↓

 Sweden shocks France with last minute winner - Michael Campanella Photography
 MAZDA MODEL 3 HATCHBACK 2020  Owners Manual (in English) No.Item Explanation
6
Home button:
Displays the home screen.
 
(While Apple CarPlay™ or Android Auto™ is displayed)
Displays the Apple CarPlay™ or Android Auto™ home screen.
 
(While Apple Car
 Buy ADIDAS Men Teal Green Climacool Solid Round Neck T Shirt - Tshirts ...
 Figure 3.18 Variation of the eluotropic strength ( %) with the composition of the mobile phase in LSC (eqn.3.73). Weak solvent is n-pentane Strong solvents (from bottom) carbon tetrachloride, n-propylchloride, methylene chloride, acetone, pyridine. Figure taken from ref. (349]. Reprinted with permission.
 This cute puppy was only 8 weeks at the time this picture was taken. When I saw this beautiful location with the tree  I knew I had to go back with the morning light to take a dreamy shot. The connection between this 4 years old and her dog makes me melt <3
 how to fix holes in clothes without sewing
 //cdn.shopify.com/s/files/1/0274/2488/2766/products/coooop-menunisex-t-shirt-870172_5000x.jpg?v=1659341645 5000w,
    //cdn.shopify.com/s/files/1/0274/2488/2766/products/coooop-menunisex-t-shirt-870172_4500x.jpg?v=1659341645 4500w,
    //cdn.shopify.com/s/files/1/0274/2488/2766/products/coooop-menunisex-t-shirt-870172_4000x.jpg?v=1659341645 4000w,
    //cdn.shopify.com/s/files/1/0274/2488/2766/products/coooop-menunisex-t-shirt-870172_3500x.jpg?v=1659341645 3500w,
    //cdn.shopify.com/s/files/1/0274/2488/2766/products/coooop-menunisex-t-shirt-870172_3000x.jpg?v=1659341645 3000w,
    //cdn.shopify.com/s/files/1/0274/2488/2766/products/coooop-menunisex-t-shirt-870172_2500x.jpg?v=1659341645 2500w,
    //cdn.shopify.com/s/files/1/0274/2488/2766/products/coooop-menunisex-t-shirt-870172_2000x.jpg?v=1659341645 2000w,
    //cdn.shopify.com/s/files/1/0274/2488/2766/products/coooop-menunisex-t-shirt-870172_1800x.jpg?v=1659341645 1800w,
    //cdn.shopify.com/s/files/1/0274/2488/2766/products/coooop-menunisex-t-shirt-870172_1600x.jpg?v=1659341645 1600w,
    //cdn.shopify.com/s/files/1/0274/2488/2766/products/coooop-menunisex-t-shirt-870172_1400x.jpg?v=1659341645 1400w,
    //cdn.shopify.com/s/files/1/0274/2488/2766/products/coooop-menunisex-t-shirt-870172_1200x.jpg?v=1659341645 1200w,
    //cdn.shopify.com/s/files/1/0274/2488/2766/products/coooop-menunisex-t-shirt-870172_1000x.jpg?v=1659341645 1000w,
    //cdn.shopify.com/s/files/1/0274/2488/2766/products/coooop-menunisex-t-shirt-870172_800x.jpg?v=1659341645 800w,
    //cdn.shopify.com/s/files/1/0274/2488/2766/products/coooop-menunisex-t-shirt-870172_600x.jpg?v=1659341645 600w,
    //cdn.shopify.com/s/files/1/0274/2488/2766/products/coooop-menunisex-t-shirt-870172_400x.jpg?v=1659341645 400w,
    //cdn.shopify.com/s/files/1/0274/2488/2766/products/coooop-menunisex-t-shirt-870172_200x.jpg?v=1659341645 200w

↑

The lines in the records above that include the word "CarPlay" must be copied out.

(While Apple CarPlay™ or Android Auto™ is displayed)
Displays the Apple CarPlay™ or Android Auto™ home screen.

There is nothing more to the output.